Here’s an example: A neighborhood store that sells the work of low-income artists started as a for-profit business to get equity investments from community members but was unable to generate substantial interest and capital. Turning the business into a nonprofit organization would allow the owners to collect philanthropic donations to keep the store open. Because the business had a charitable, community-focused intent from the start, it could be approved for tax-exempt status.

But if a business seeks 501(c)(3) status for less charitable reasons, the IRS could deny the request, Takagi said.
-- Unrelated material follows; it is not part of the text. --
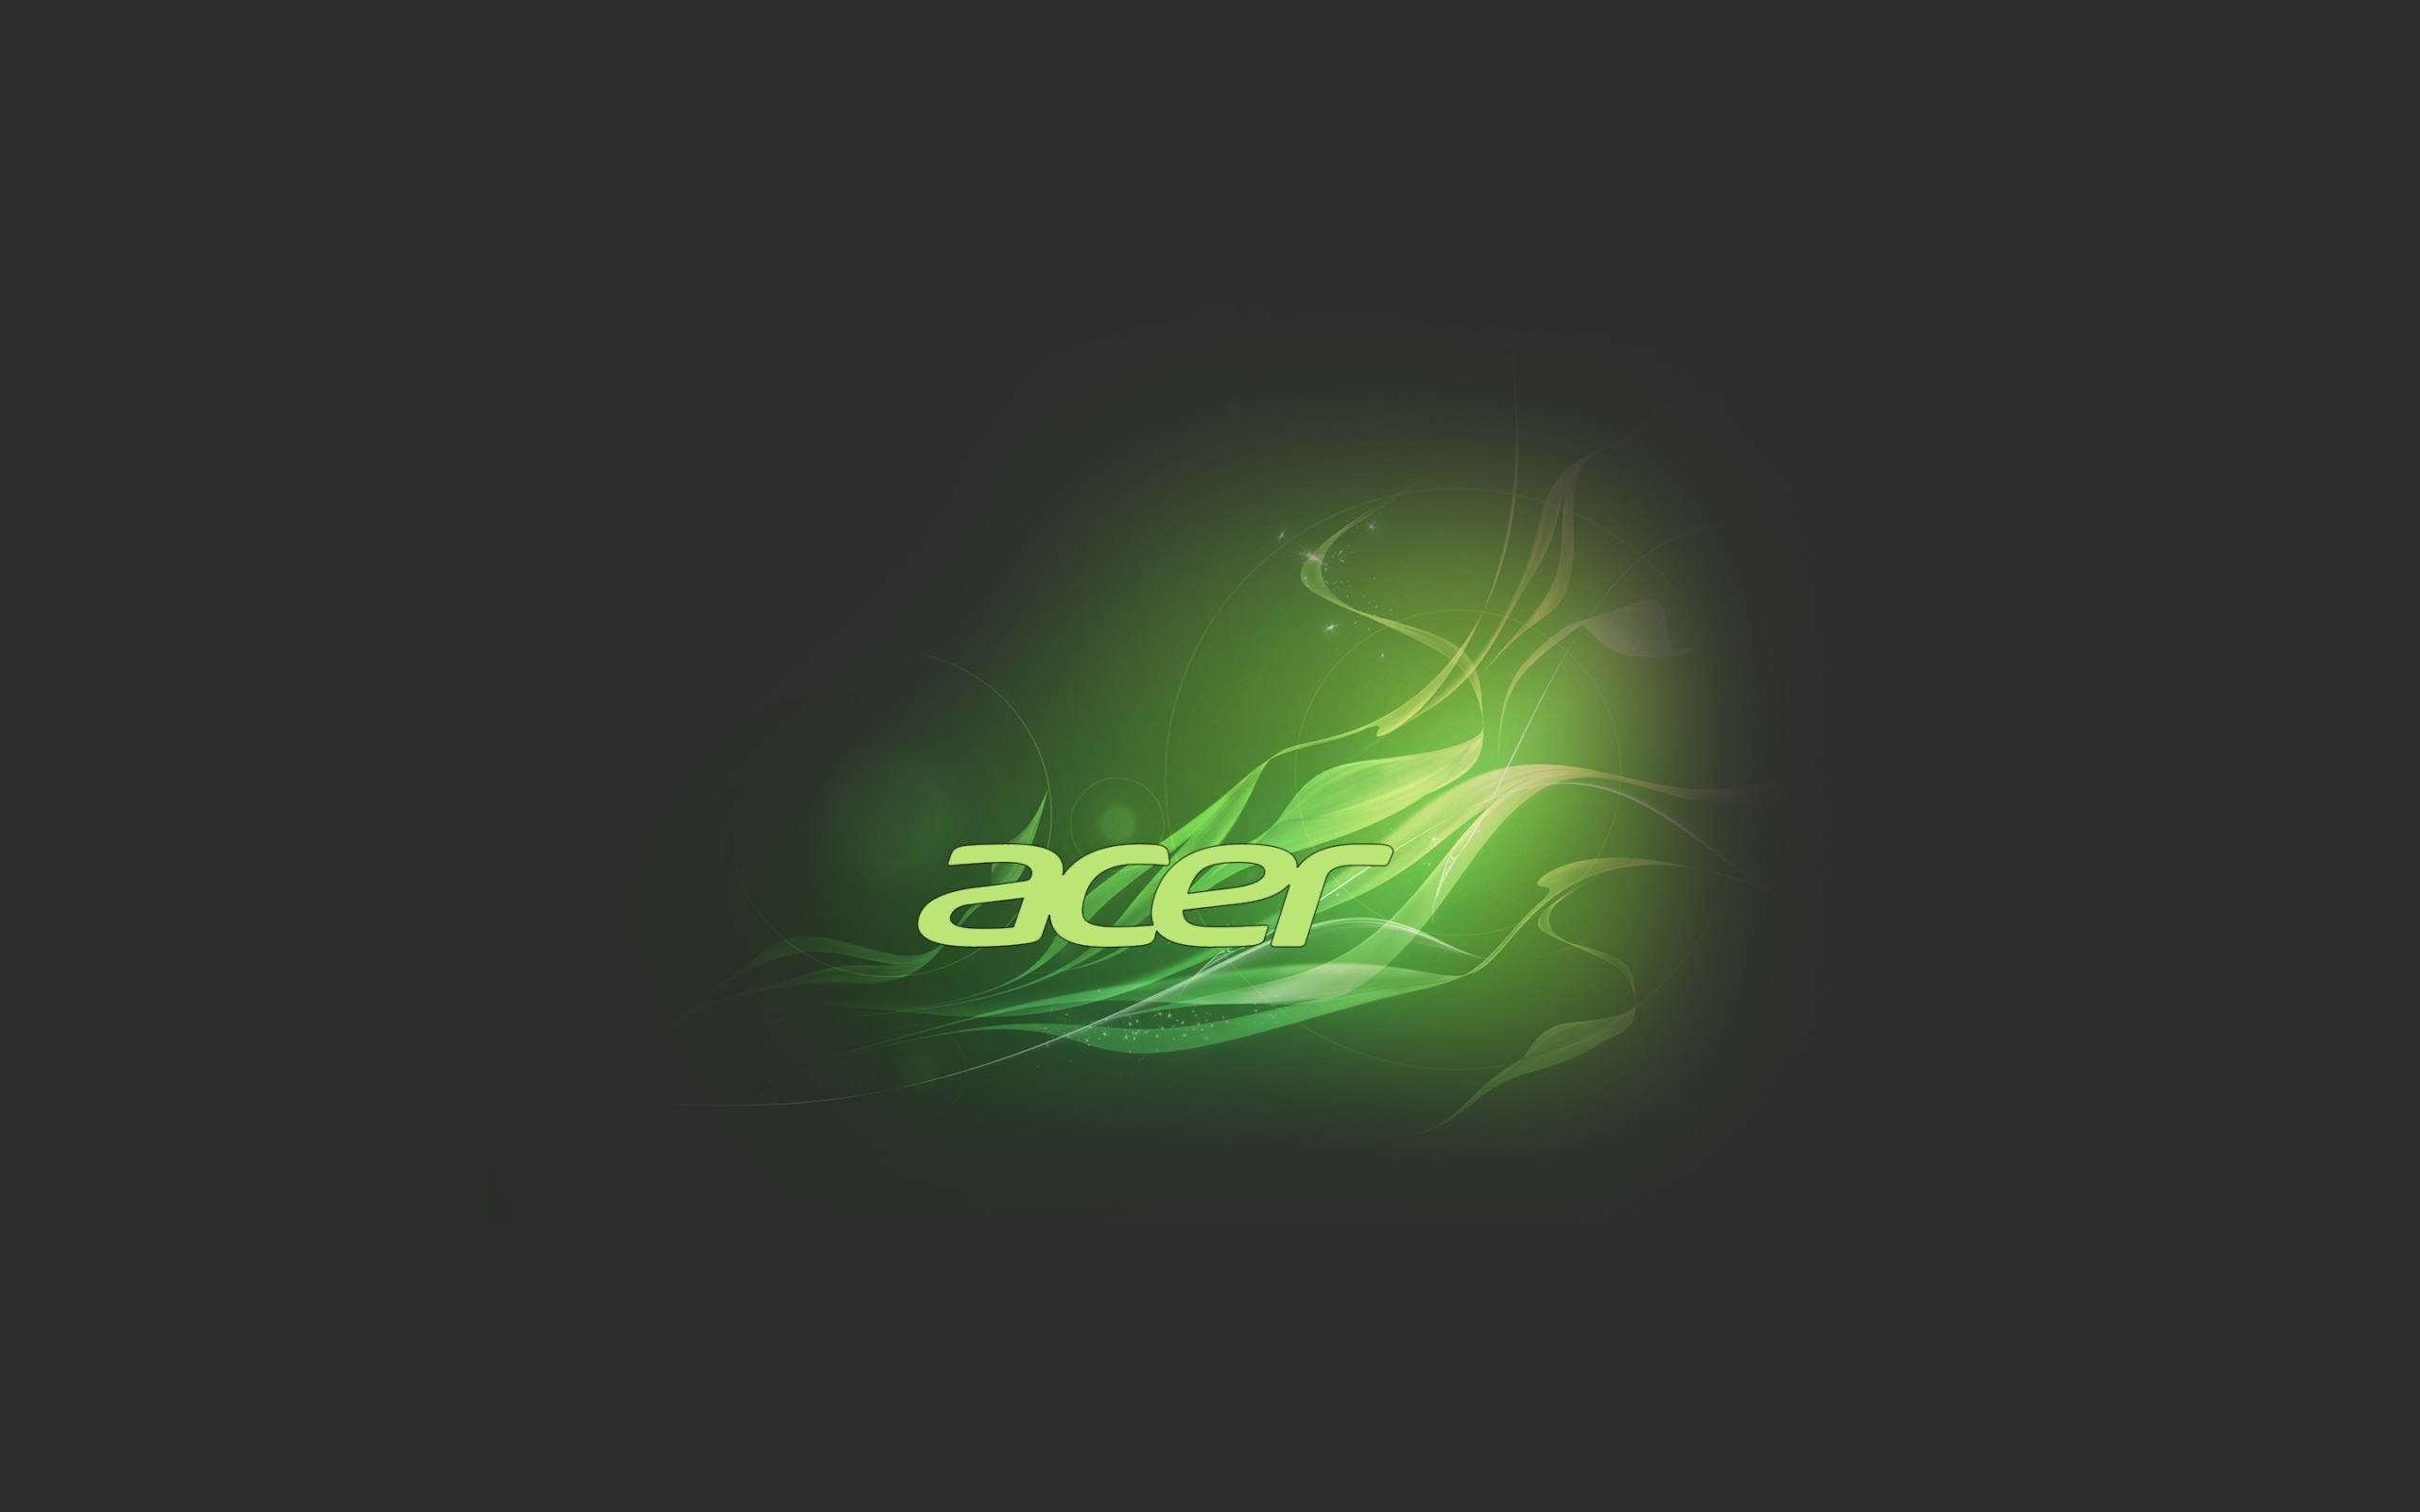 Téléchargement de pilote Acer | Windows 10, 8.1 et 7 - Driver Easy France

For instance, a failing business looking to get out of tax obligations couldn’t become a nonprofit without making operational changes.

“You’re really going to have to make a good case to the IRS,” he said. “It’s got to look different than what you were doing in the past.”

Converting for-profit to nonprofit: 5 steps to follow

Nonprofits are highly scrutinized, and business owners may be faced with more regulations than they’re used to, said Brenda Asare, president and CEO of The Alford Group, a consulting firm that advises nonprofits.

“Those processes are in place to dissuade people who may want to come into this sector to take advantage of other people philanthropically,” Asare said.

To make sure you correctly convert your for-profit business to a nonprofit, here are a few steps to follow.

1. Check entity conversion laws in your state

When you form a business, you must set up a certain entity, or structure, which determines the number of owners a business can have, the owners’ personal liability and taxes the business owes. Common entities include sole proprietorships, limited liability companies (LLCs) and corporations. Nonprofits are usually formed as corporations, though they are able to receive tax-exempts status.

When changing your business to a nonprofit, you would have to convert the current structure to a nonprofit corporation structure. Depending on where you live, only some entities may be eligible for conversion.

In Louisiana and California, for example, corporations, LLCs, general partnerships and limited partnerships can convert to another type of entity through the state’s Secretary of State office. On the other hand, New York does not permit statutory conversions for business entities. Instead, business owners must establish a new entity, then merge the two companies into one.

Check with your state’s Secretary of State office to make sure you would be permitted to change entities.

2. File conversion paperwork

Because nonprofits are corporations, they must be incorporated through the local Secretary of State. If your for-profit business was formed as a corporation, a conversion could be as simple as amending your incorporation documents, also known as articles of incorporation. You’d need to file incorporation forms again to make the conversion, which would typically range in cost from $50 to $150. Additionally, because a nonprofit corporation does not have ownership, as a board of directors shares responsibility of the organization, existing shareholders of the for-profit business would have to forfeit ownership.

If your business is not a corporation, you would need to file new articles of incorporation with your Secretary of State. The articles of incorporation would call for the organization’s name, the purpose of the nonprofit and a designated registered agent to receive lawsuits and correspondence on behalf of the organization.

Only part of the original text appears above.